## [GOAL OF THE EXERCISE]
Leaving out the pictures, please reproduce exactly and only the lines from the one that contains "KONG Puzzlements Monkey" through the last line below.

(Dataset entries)

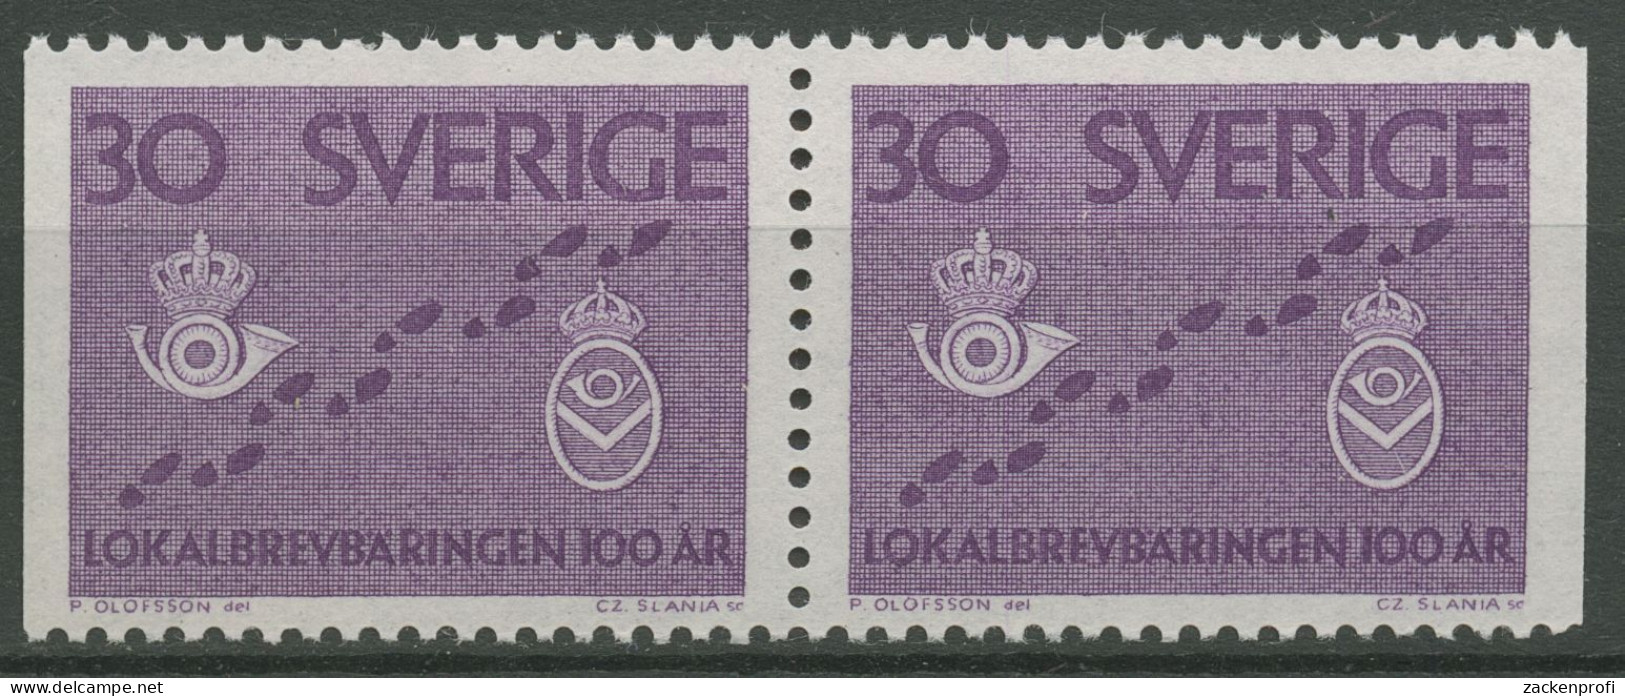 Schweden 1962 Postzustellung Briefträger-Brustschilder 485 Dl/Dr Paar Postfrisch - Ongebruikt
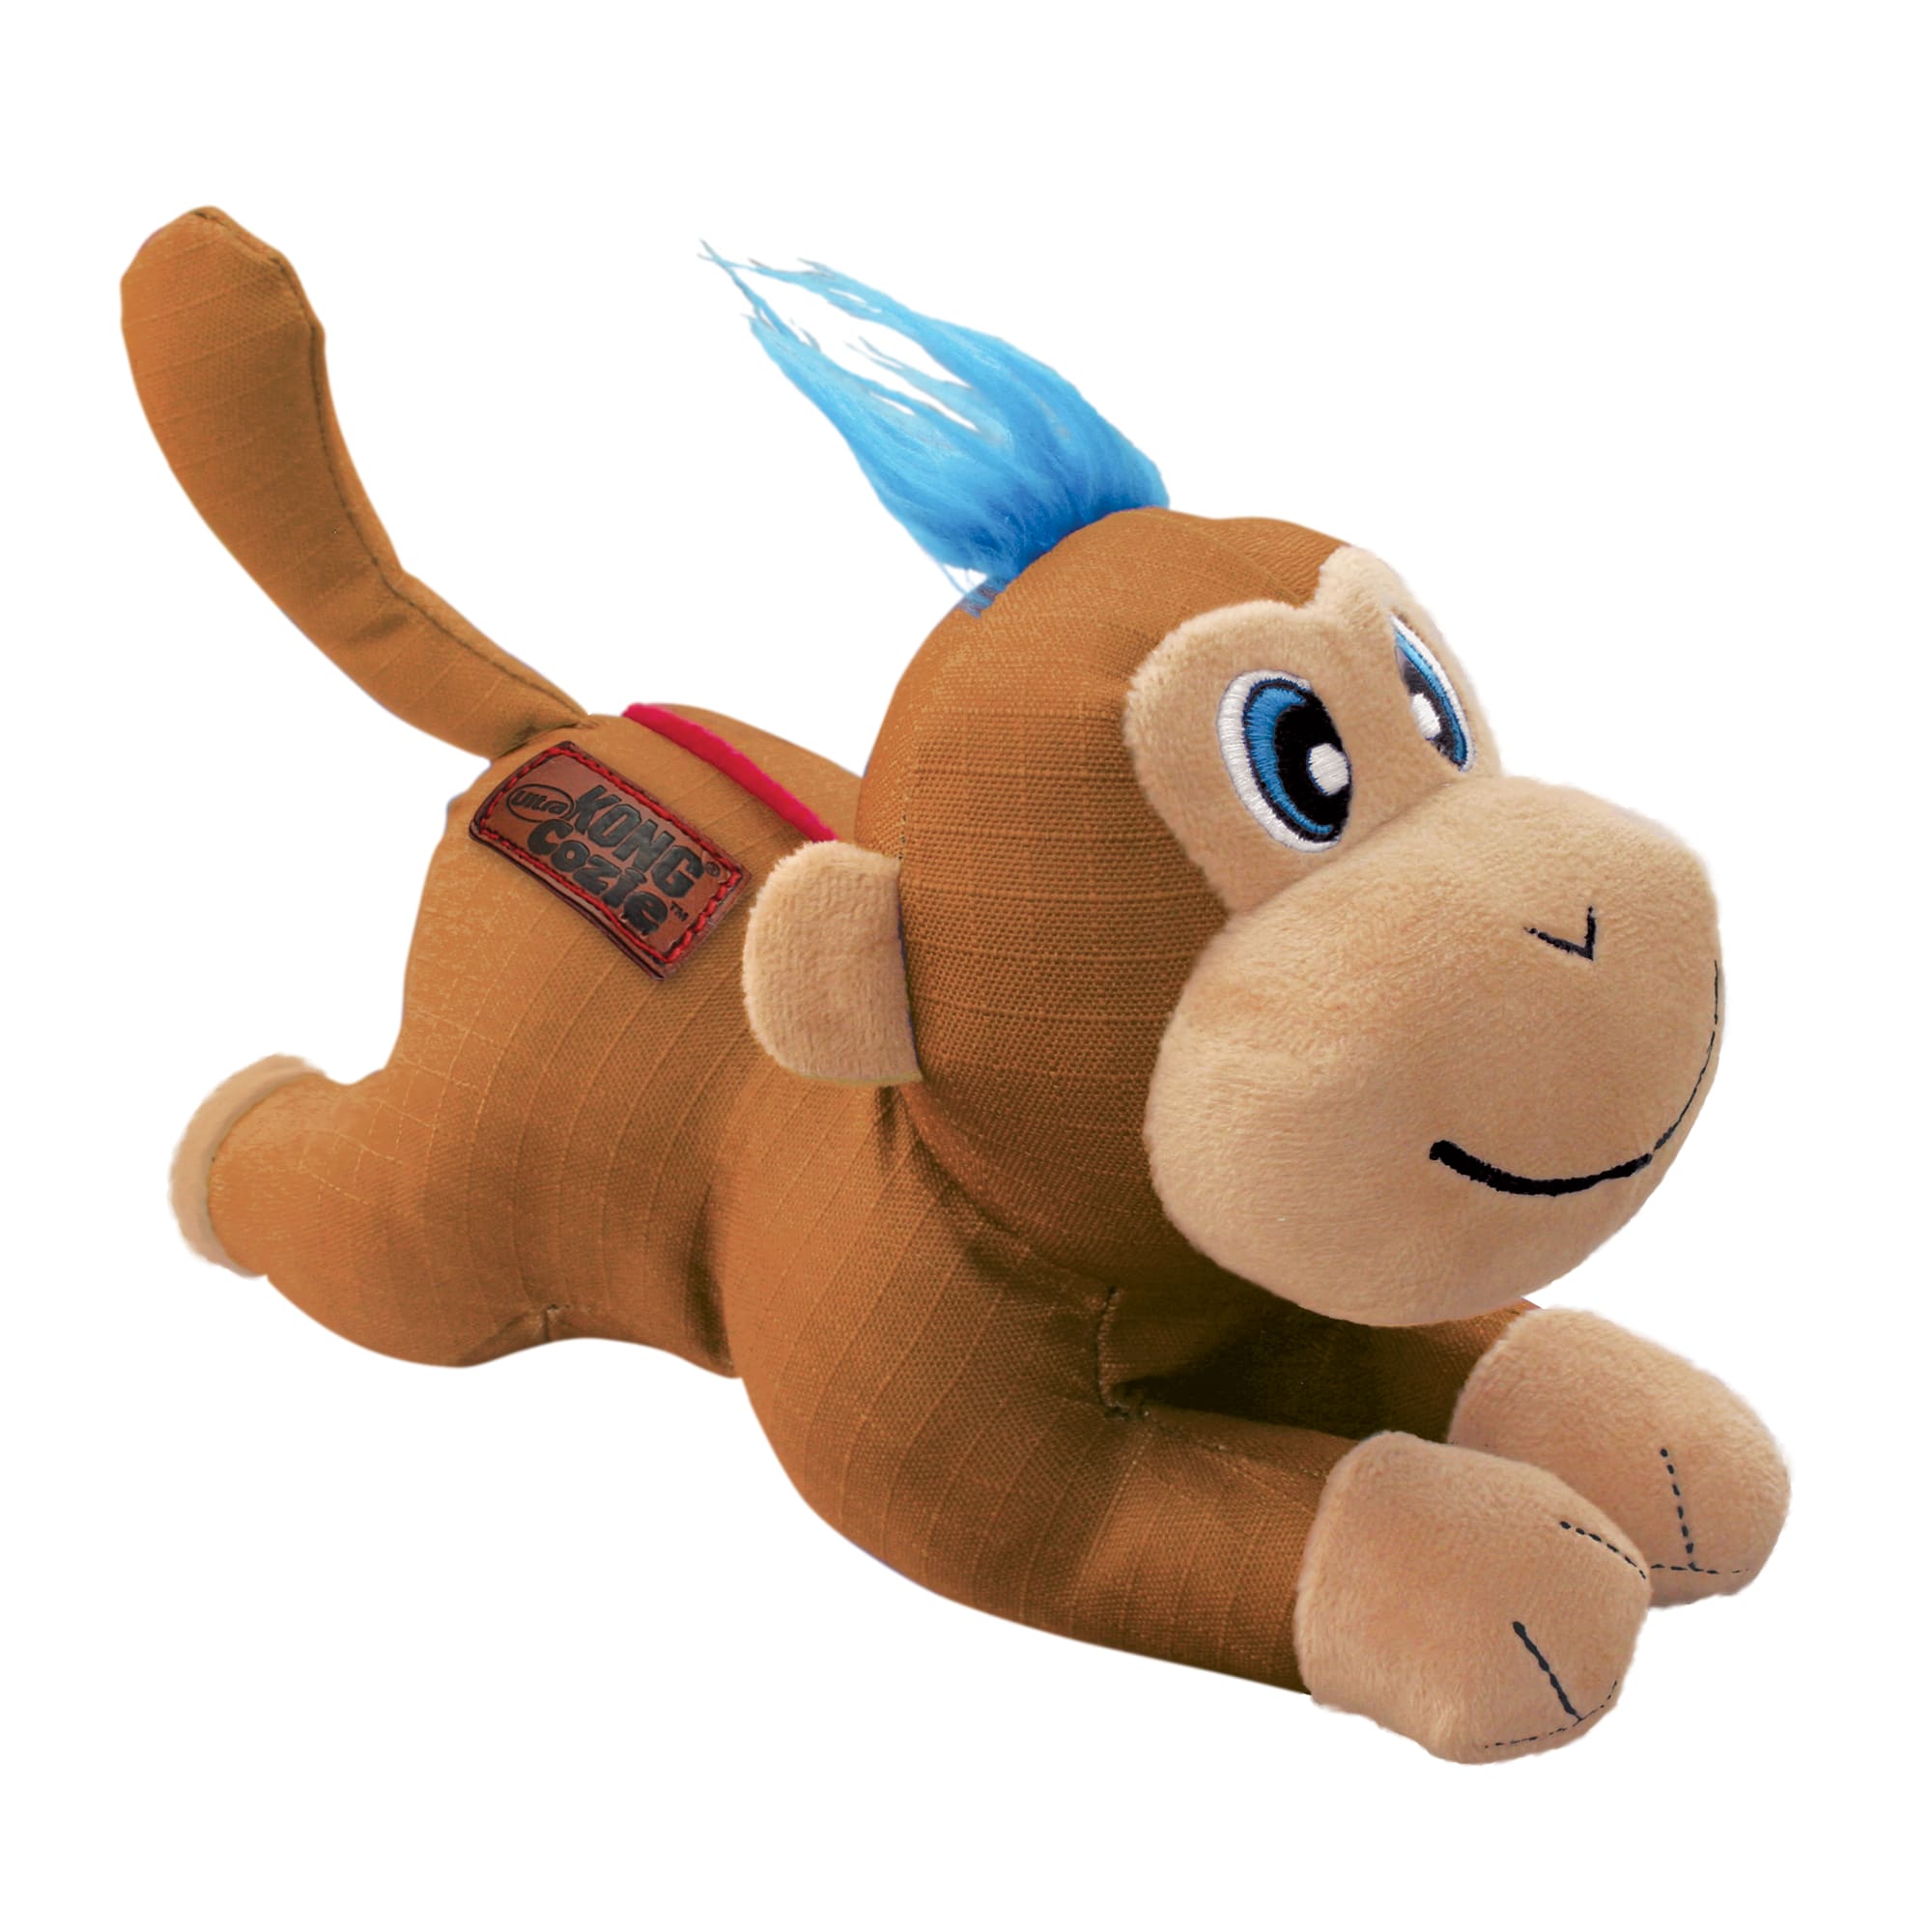 KONG Puzzlements Monkey Dog Toy, Multicolored, Large 
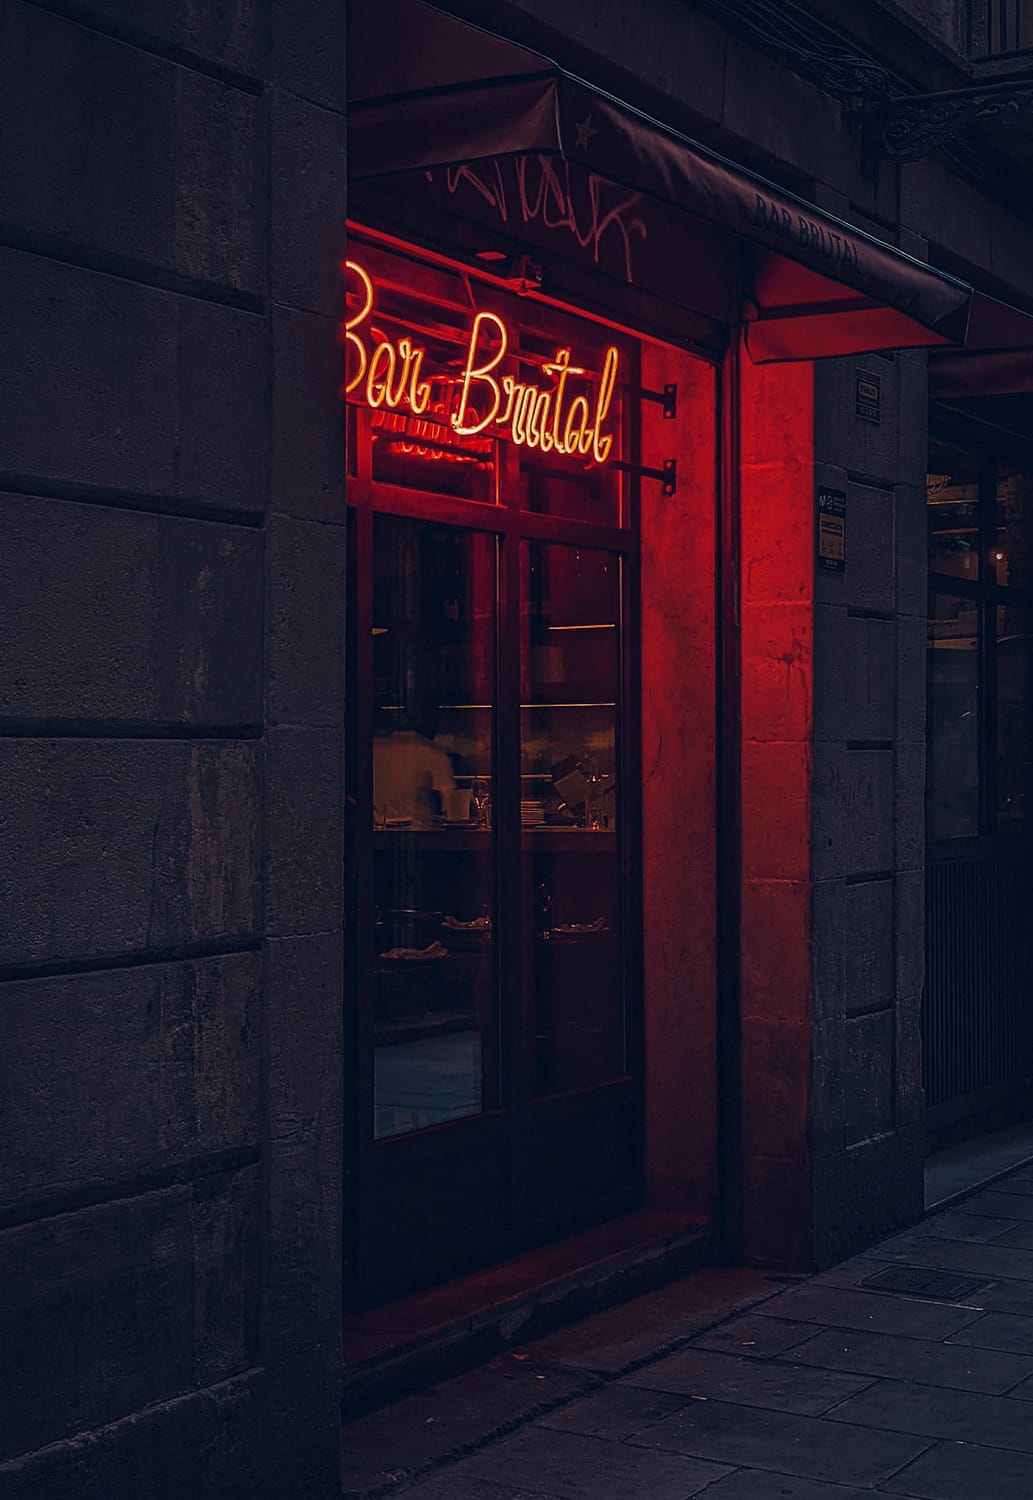 Bar Brutal, Barcelona
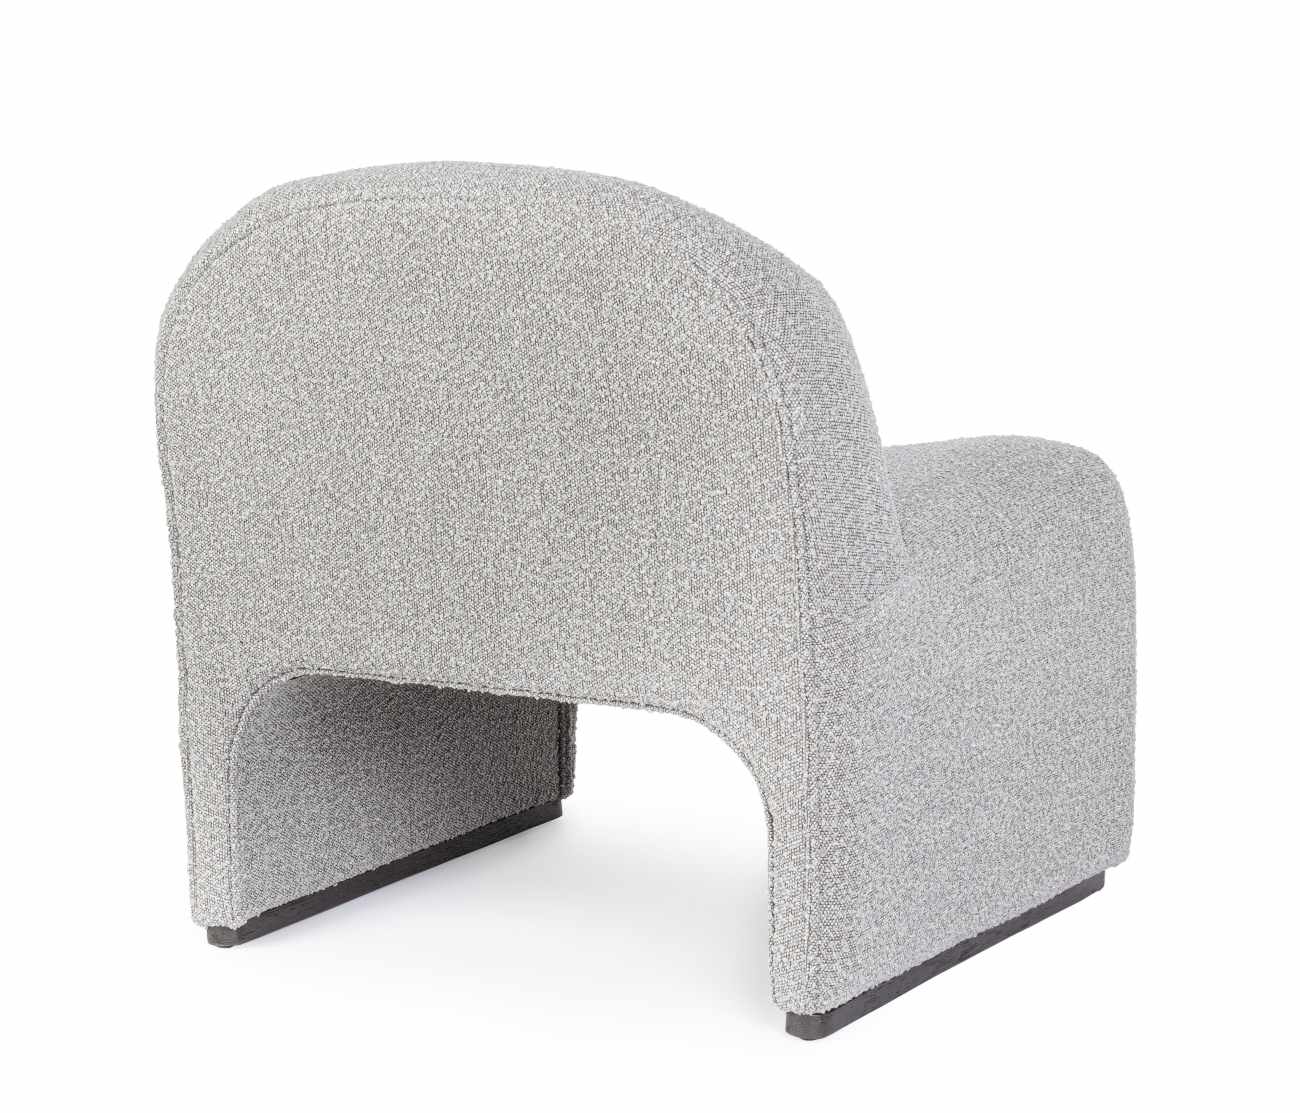 Der Sessel Bassilla überzeugt mit seinem modernen Stil. Gefertigt wurde er aus Boucle-Stoff, welcher einen grauen Farbton besitzt. Der Sessel besitzt eine Sitzhöhe von 42 cm.
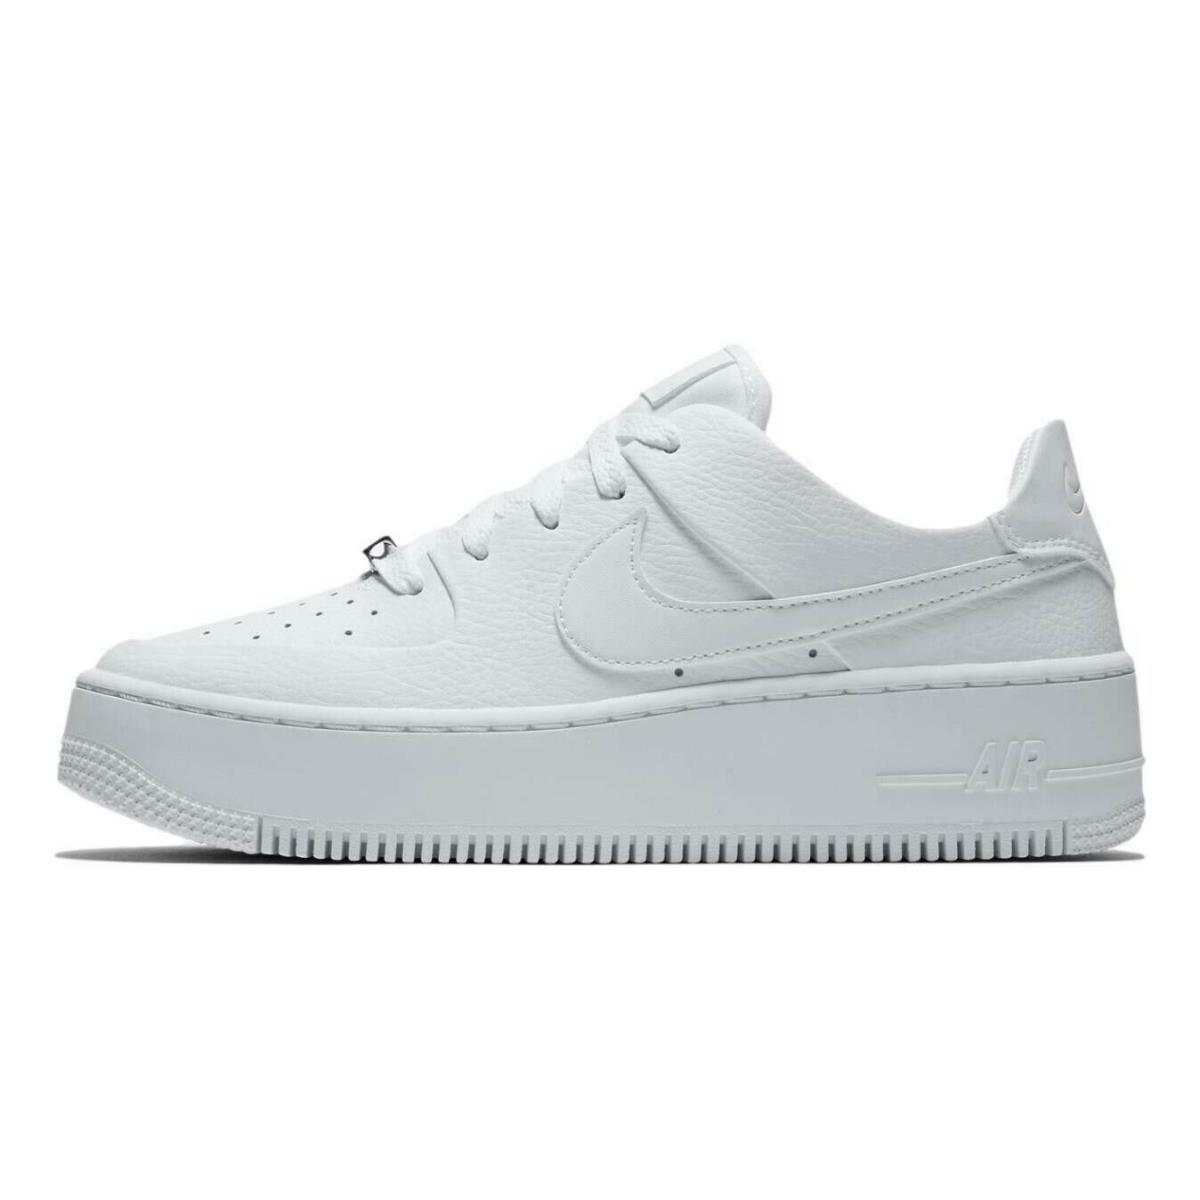 Nike Air Force 1 Sage Low Women s Sz 9 Triple White Shoes AR5339 100 - White

## [TASK RESPONSE]
 KONG Puzzlements Monkey Dog Toy, Multicolored, Large 
 Bar Brutal, Barcelona
 Der Sessel Bassilla überzeugt mit seinem modernen Stil. Gefertigt wurde er aus Boucle-Stoff, welcher einen grauen Farbton besitzt. Der Sessel besitzt eine Sitzhöhe von 42 cm.
 Nike Air Force 1 Sage Low Women s Sz 9 Triple White Shoes AR5339 100 - White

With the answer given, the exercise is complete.